Problems with distributed systems
The design approach of distributed systems is by no means a silver-bullet and introduces new problems or magnifies existing ones. I am going to discuss some higher level problems and leave out the low level issues, such as transportation issues (package loss, network latency), to focus on the stack of a typical software engineer.
Complexity in design
As such systems consist of many endpoints, we have new challenges to worry about.
A broader set of skills
Bringing a distributed system to life requires extensive skills within the development team, as well as the operational team. Adding new dependencies to single services also needs a distributed understanding of the components involved, to keep the system vital and to be able to respond to requests in a reasonable time.
Testing
Before you ship a system it needs to be tested. Testing does not stop with a single service, but is done for the complete environment, which becomes challenging when you need to ensure the consistency of the environment for manual and automated testing. Differences between staging systems and live systems, such as different framework versions, can also be a problem.
A pragmatic approach in the long run is to incorporate monitoring to easily spot anomalies in the flow of operations, as bugs can have amplified repercussions on the system.
Rollout
The rollout of such a dynamic environment should be done by a fully automated deployment process, leaving as little room as possible for manual faults.
Operating overhead
Splitting a monolith into multiple processes may start with a certain number of service instances. When applying a failover protection or load balancing and messaging, it becomes a really challenging task to keep such a system running, as the number of instances can easily increase.
Tracing
In a distributed system, one can not simply solve an issue by inspecting a process. You will have multiple places for log files that need a correlative identifier to track down a request and its problems.
There are many solutions out there to help you to manage and centralize logging.
Contracts
To ensure valid communication between two services, you need a contract for a message format and a basic understanding of it. Any one-sided change to this contract will result in a break, therefore we need a coordinated way of releasing it.
A basic solution to this problem is the introduction of versions to the messages, which is basically a method to introduce backward compatibility to the system. As we all know, business sometimes calls for partial rollouts that render components out of sync and "versions" are no longer the magic bullet in such a case.
Issues at runtime
We might come across many issues while running our system that we need to learn from their huddles and perfect our system. Here are some of the problems we might face:
(Un)atomicity of operations
An operation in a distributed system is by no means guaranteed to be atomic, as it might be split into several subtasks that can be executed in parallel or sequentially across service borders.
This calls for a certain mechanism of distributed transactions, to revoke preceding actions when an essential subtask failed. This can also be achieved by queuing entities in a staged pool and releasing them to the live system when all the operations are successfully applied, or otherwise invalidate the changes.
A shared register
When multiple components share the same entity, such as credentials, there is a need to synchronize the register to have the same data available in multiple processes and to minimize hard faults, which fall back to a common database.

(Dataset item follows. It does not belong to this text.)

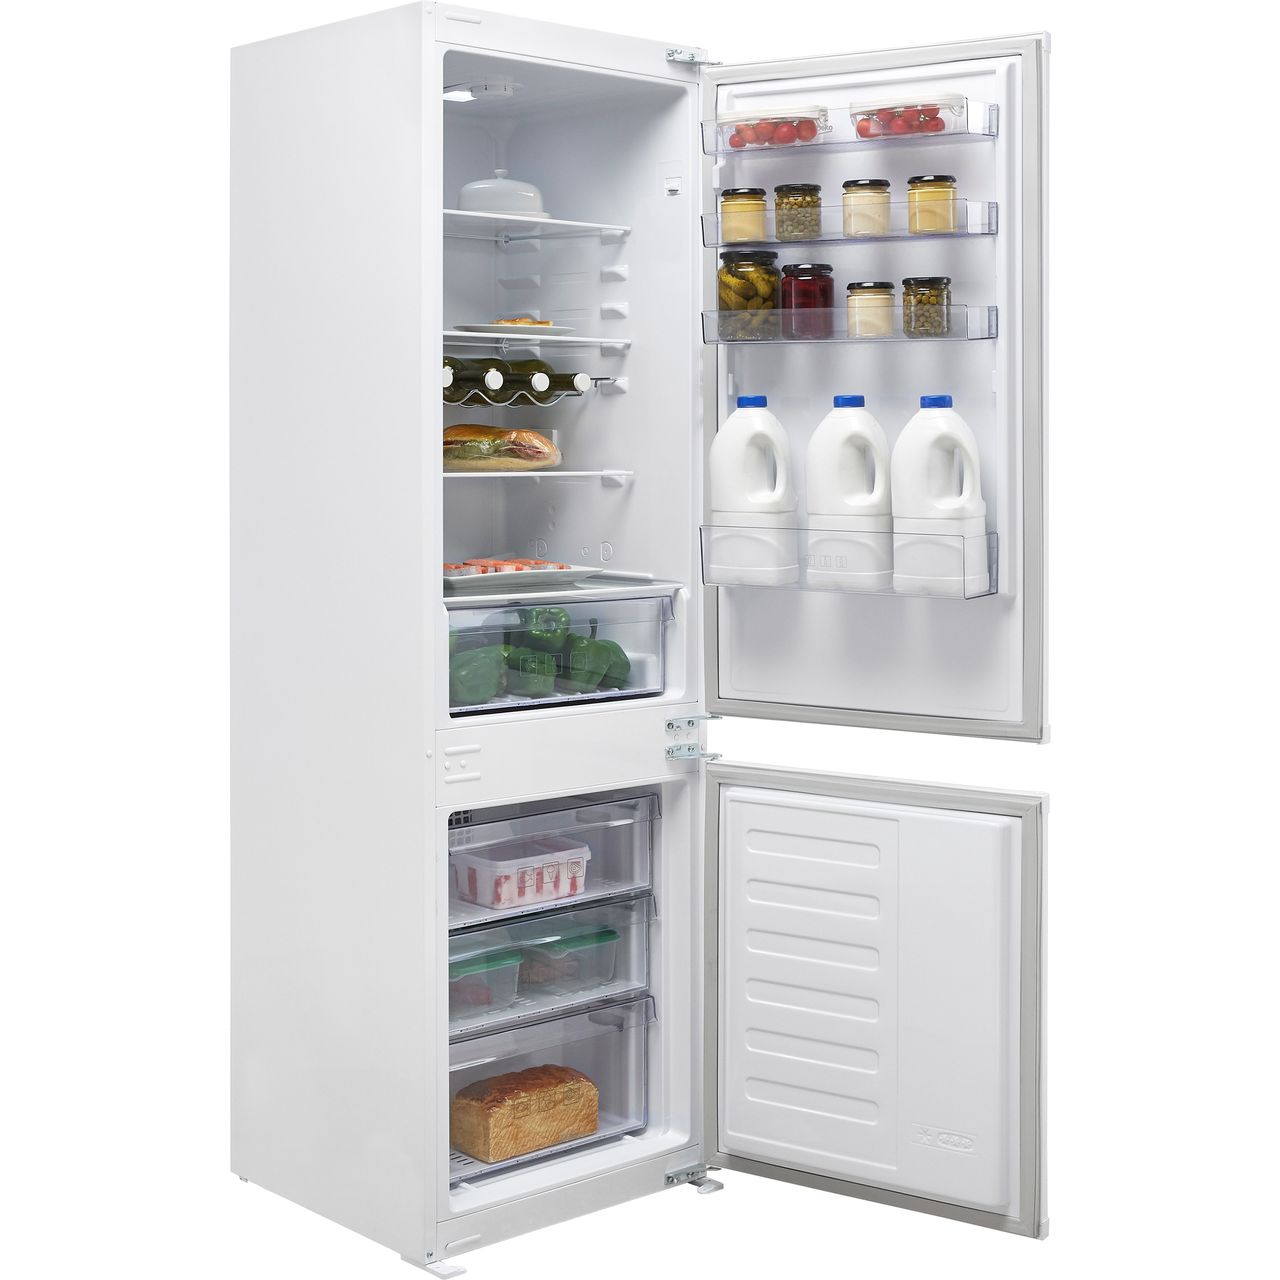 16++ Integrated fridge near me information

Another issue originates in the asynchronous behavior of such systems, making it vulnerable to lost updates, which happens when component A and component B are updating the same entity.
If the components do not have a shared register but rather solve this issue by implementing synchronization, there is a need to introduce a notification upon changes.
Performance
Besides the performance of a single service, there's a natural overhead in the communication when you have to marshal the request and response instead of just working on a reference in the same process.
It is important to not base this process on blindfolded guessing when trying to resolve a bottleneck, which is wrong most of the time. It's better to base it on investigation even if it is hard to apply in a distributed system.
Methods for inspecting performance is covered in Chapter 4, Analyzing and Tuning a Distributed System.